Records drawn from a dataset
= = =
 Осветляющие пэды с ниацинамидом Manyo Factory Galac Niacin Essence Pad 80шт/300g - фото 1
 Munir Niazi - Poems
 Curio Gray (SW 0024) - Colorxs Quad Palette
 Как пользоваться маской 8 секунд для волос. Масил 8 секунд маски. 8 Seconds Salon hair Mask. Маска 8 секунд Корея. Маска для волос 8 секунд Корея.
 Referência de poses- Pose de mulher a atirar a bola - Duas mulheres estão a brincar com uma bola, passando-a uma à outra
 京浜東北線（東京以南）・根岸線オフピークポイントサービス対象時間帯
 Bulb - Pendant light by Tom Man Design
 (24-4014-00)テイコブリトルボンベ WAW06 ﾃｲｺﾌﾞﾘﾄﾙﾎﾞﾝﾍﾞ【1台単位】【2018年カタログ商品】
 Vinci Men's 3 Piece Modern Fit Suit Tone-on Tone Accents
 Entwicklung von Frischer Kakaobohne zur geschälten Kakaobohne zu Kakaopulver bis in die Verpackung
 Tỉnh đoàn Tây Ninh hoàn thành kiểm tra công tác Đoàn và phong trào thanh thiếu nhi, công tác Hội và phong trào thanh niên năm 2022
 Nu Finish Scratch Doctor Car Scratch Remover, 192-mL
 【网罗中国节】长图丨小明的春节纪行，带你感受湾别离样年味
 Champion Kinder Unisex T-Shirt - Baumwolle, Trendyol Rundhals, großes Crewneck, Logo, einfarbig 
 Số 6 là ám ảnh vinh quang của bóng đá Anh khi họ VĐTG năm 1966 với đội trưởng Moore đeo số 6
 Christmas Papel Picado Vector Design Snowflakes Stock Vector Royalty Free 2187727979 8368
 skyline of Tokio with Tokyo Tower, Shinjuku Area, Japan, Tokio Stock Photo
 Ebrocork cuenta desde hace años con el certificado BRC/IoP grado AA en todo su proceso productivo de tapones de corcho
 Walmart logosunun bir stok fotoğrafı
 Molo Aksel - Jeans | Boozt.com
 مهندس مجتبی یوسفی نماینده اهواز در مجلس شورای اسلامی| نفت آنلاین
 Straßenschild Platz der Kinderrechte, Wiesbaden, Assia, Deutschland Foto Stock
= = =
**REQUIREMENT**
Give exactly, and nothing besides, the lines from the one in which "Molo Aksel - Jeans | Boozt.com" occurs through the end of the records.

**EXERCISE RESPONSE**
 Molo Aksel - Jeans | Boozt.com
 مهندس مجتبی یوسفی نماینده اهواز در مجلس شورای اسلامی| نفت آنلاین
 Straßenschild Platz der Kinderrechte, Wiesbaden, Assia, Deutschland Foto Stock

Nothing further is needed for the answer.